The GameStonk Epilogue
The GameStop Reddit Trade (Meme Stock Rebellion?) has continued to be a story throughout the year (if you need a refresher, here). At the epicenter of the mess was the ironically named trading app and broker du jour, Robinhood. After months of investigation, the Financial Industry Regulatory Agency (FINRA) has weighed in, and let’s just say they weren’t impressed. On Thursday, FINRA bombed Sherwood Forest by levying the biggest fine they ever have. Robinhood is ordered to pay $70M in fines and restitution. Is justice served to those who were locked out of selling at the peak? Probably not. It’s a drop in the bucket for the Prince of Thieves. But lessons have certainly been learned. Hedge funds that make a living shorting stocks are treading carefully to avoid the ire of the keyboard warriors. The Reddit crew continues to organize and attack companies that are getting picked on by short-sellers so another similar situation is always on the horizon.
One’s Trash Is Another One’s Lower-Yielding-Higher-Risk Treasure
U.S. high-yield bonds, also known as junk bonds, are basically at all-time lows.
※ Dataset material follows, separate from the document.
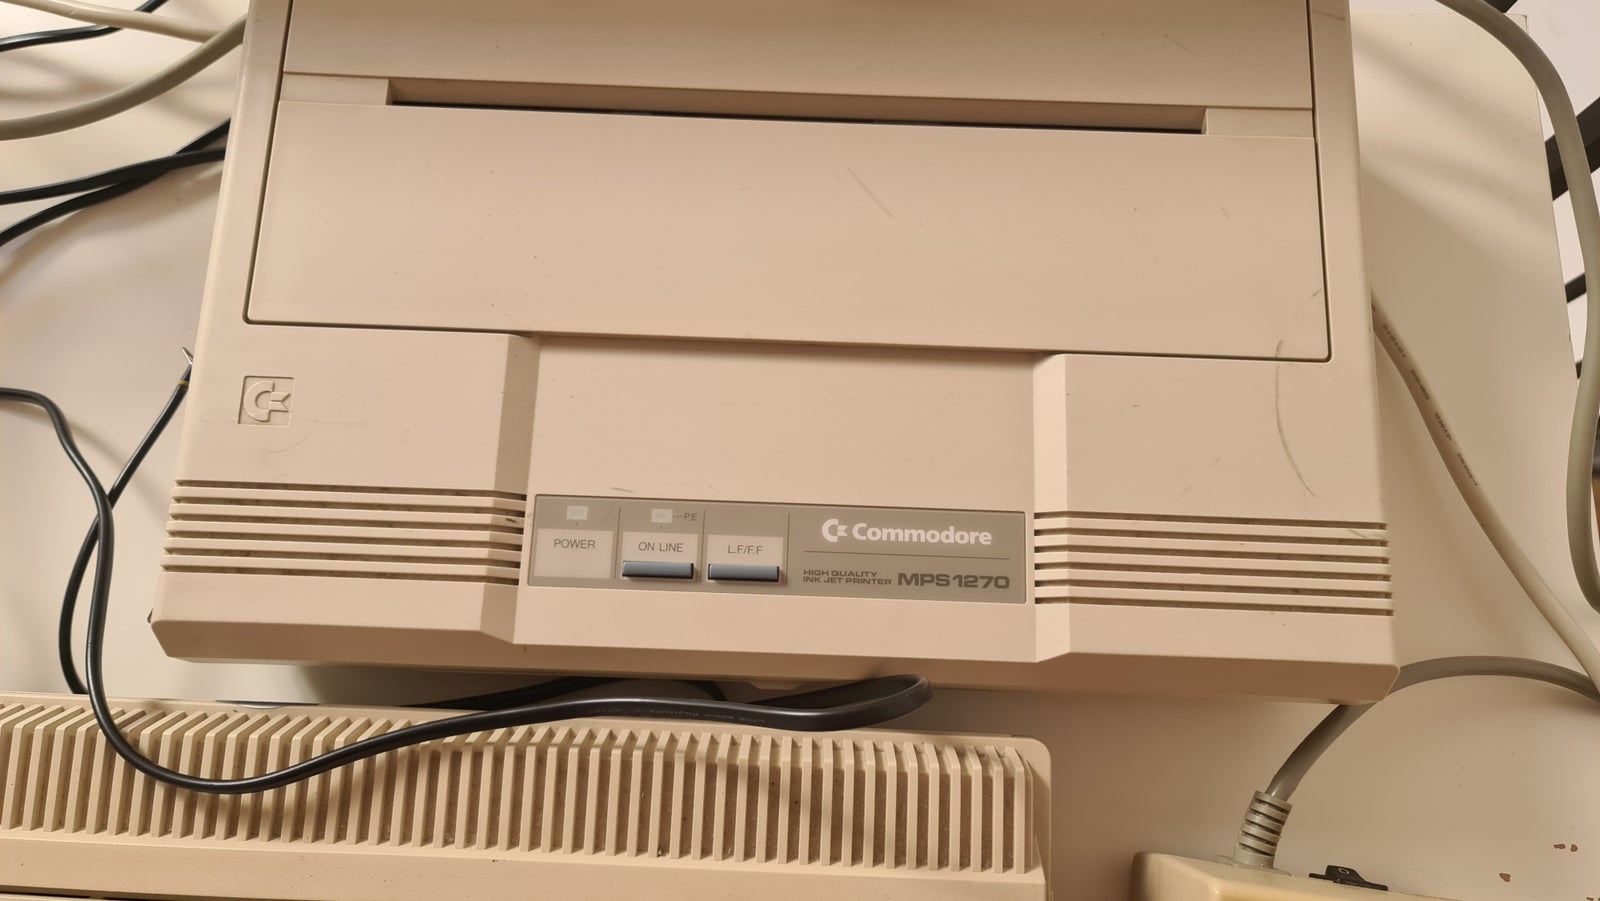 Amiga 500 med Philips CM11342 monitor, spillekonsol, God
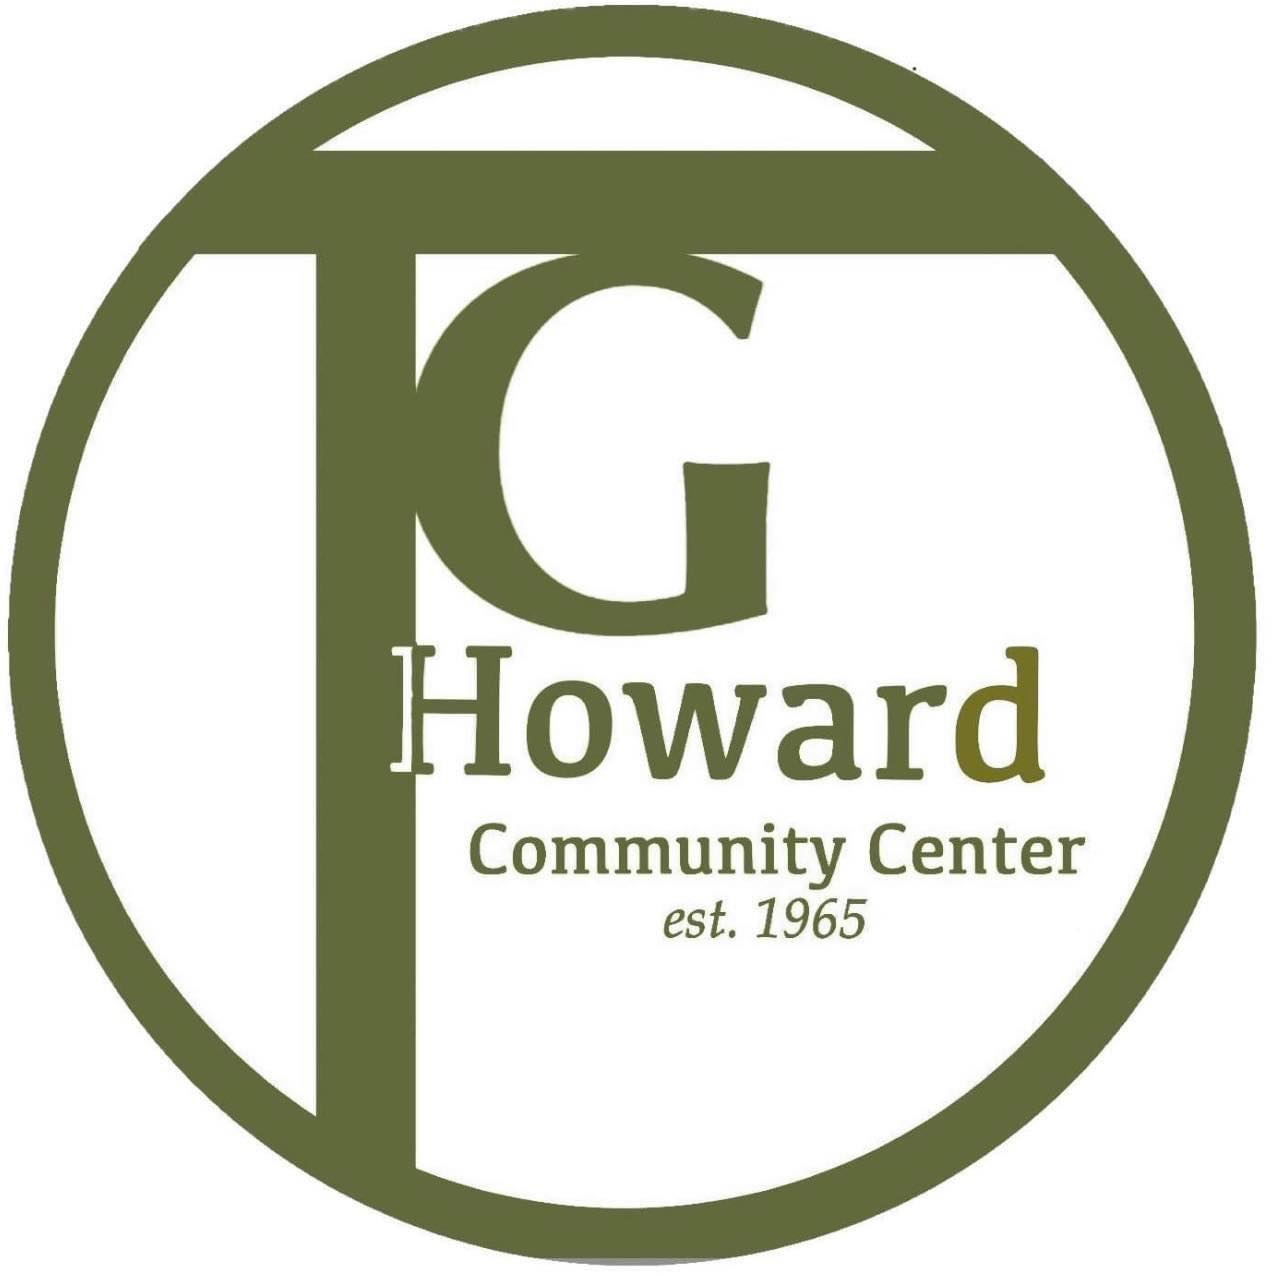 TG Howard Community Center

Also, the rate difference between quality and junk is close to the bottom (this is known as the spread). Overall, this signals a reduction of risk in the system – as in, investors see very little chance of default on interest payments. This picture adds to the narrative that the setup up for the second half of the year looks promising. That said, just back up on the timeline and you can see things can change dramatically and fast.